Sunday, June 13, 2010

You East of the Rockies bastard you!

Coast to Coast AM reported, as I limped home from work, that the oil spill in the Gulf of Mehico could last "centuries", until that particularly tapped reservoir was dry. Just thought I'd toss that out there as a bookend to the long estimates.

Now - while I strongly urge all to follow the 3 links in my last I thought it might help further our understanding of this moratorium with an excerpt I found most useful (it cites multiple sources, etc) from the UK Telegraph. Plus, I grow concerened not everyone follows every link each of us post, although I'll admit Titus can probably lay claim to that at near the 100th percentile or so. At any rate ...

"But the move [the US moratorium] comes at a cost. It will mean a halt to work on 33 drilling platforms, jeopardising as many as 46,000 jobs on land and sea, according to industry figures. Those rigs, leased by oil companies at a typical cost of $500,000 a day (£340,000), are likely to be loaded onto ships and taken elsewhere – possibly to Brazil, India or the west coast of Africa, where wells are waiting to be drilled.

An emotionally powerful defence of drilling came this week from the widows of two of the 11 workers who died when BP's Deepwater Horizon rig caught fire.

"My husband took great pride in his job, and many men depend on offshore drilling, that is our way of life," said Natalie Roshto, who lost her husband, Shane, in the disaster. She told a congressional hearing: "I fully support offshore drilling."

Her views were echoed by Courtney Kemp, a Louisiana resident whose husband, Ross Wyatt Kemp, died in the explosion. Kemp urged stiff penalties for safety lapses but described offshore rigs as "a way for families to make a living".

The freeze will have a significant impact on the oil supply. The energy consultancy Wood Mackenzie estimates that 80,000 barrels of oil per day will be deferred in 2011 and that further ahead, a tightening in permits could reduce production by 350,000 barrels per day in 2015 and 2016. Shares in oil services companies including Halliburton, Diamond Offshore, Baker Hughes and Schlumberger have slumped.

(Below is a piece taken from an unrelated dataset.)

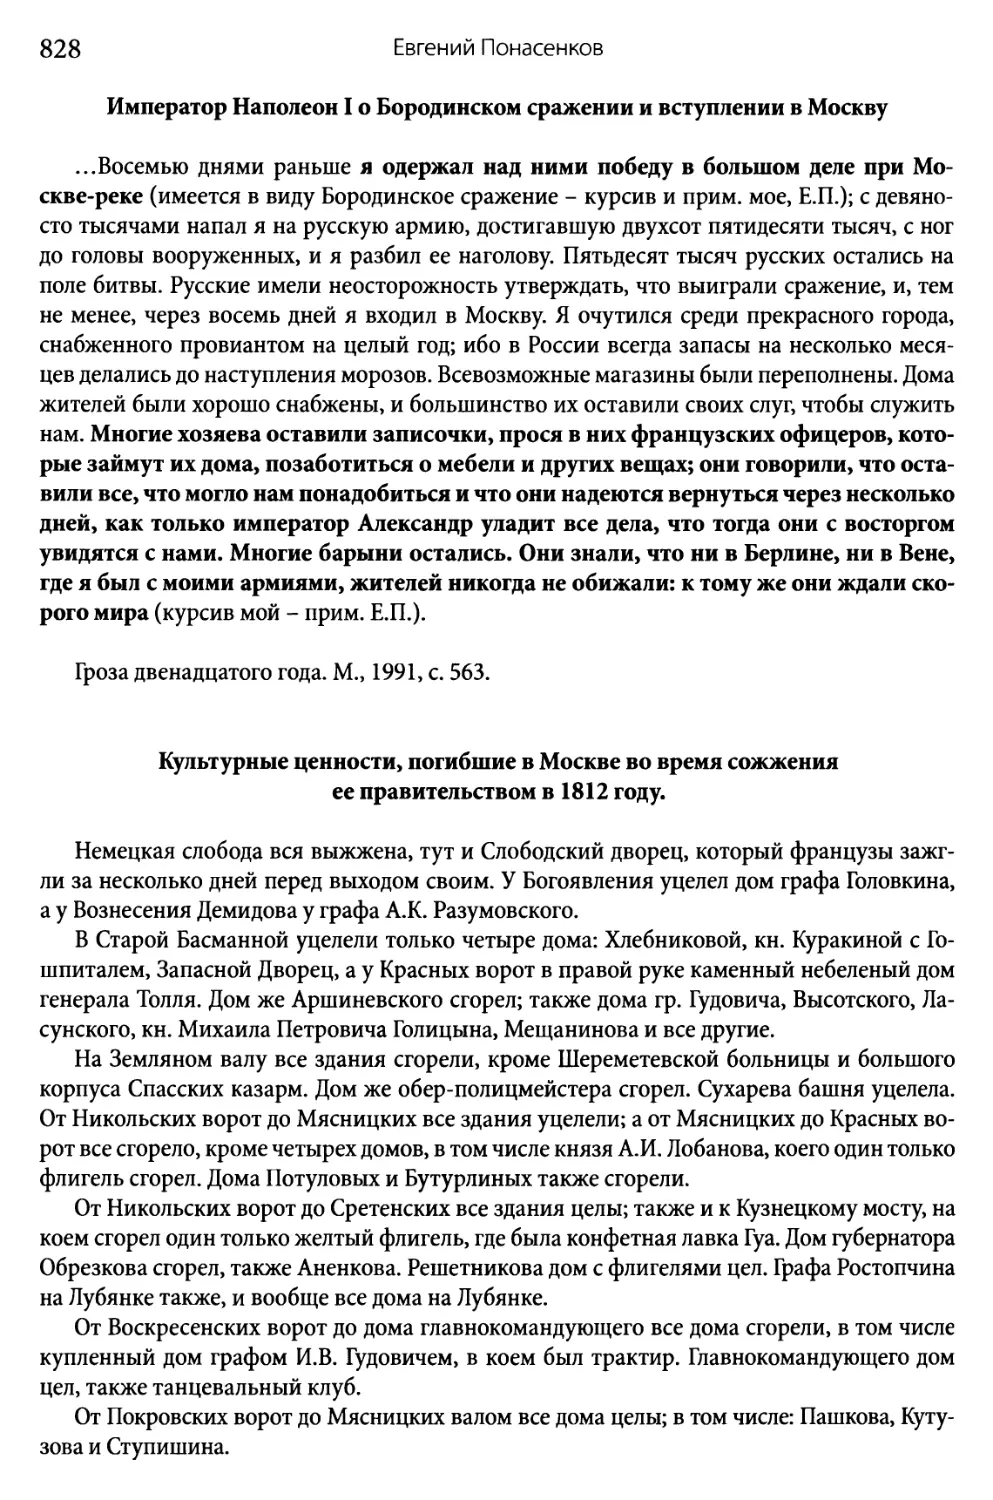 Император Наполеон I о Бородинском сражении и вступлении в Москву
Культурные ценности, погибшие в Москве во время сожжения её правительством в 1812 году

Although drilling in shallow water will still be allowed, these figures will be sufficient to reduce any growth in supply from the gulf, which accounts for a quarter of US oil production. That will hinder the Obama administration's stated goal of weaning the US off its reliance on foreign oil, much of which comes from politically unstable parts of the world.

Lee Hunt, president of the International Association of Drilling Contractors, maintained that the moratorium was unreasonable: "This is like seeing a 100-car wreck on an interstate highway and then shutting down Detroit from producing cars because of a car accident."

He said it would have "devastating economic consequences" for the industry and suggested it would mean that oil companies drilled elsewhere in the world: "Oil companies look at the political risk factors when they decide whether to invest in particular projects. Right now, the political risk of investing in a deepwater project in the US is roughly equal to Angola."

The Republican governor of Louisiana, Bobby Jindal, has chimed in with a letter to Obama urging a rethink. Jindal said his state had already suffered "severe negative economic and ecological impacts" from the Deepwater Horizon disaster, with the local seafood industry in jeopardy and wetlands clogged by tar. He wrote: "The last thing we need is to enact public policies that will certainly destroy thousands of existing jobs while preventing the creation of thousands more."

On Tuesday oil firm Anadarko Petroleum announced it was moving three rigs away from the gulf in response to the moratorium, putting them elsewhere to meet production goals. The New Orleans Times-Picayune reported fears from shipbuilders and vessel operators that the freeze could effectively shut down work for two years, with rumours of 3,500 imminent job cuts at one local port operator."

Angola ... nice, huh?

Now I'm not claiming to have read the executive order line by line, but this clearly portrays a federal net cast intent on capturing more then yet to be made ready rigs of mere exploration. This smacks of "not letting an emergency go to waste", if you value my humble opinion (especially when considering the manipulation of that report). But as I said, read the 3 articles I linked to, pursue your own as well, and let us get to the bottom of this.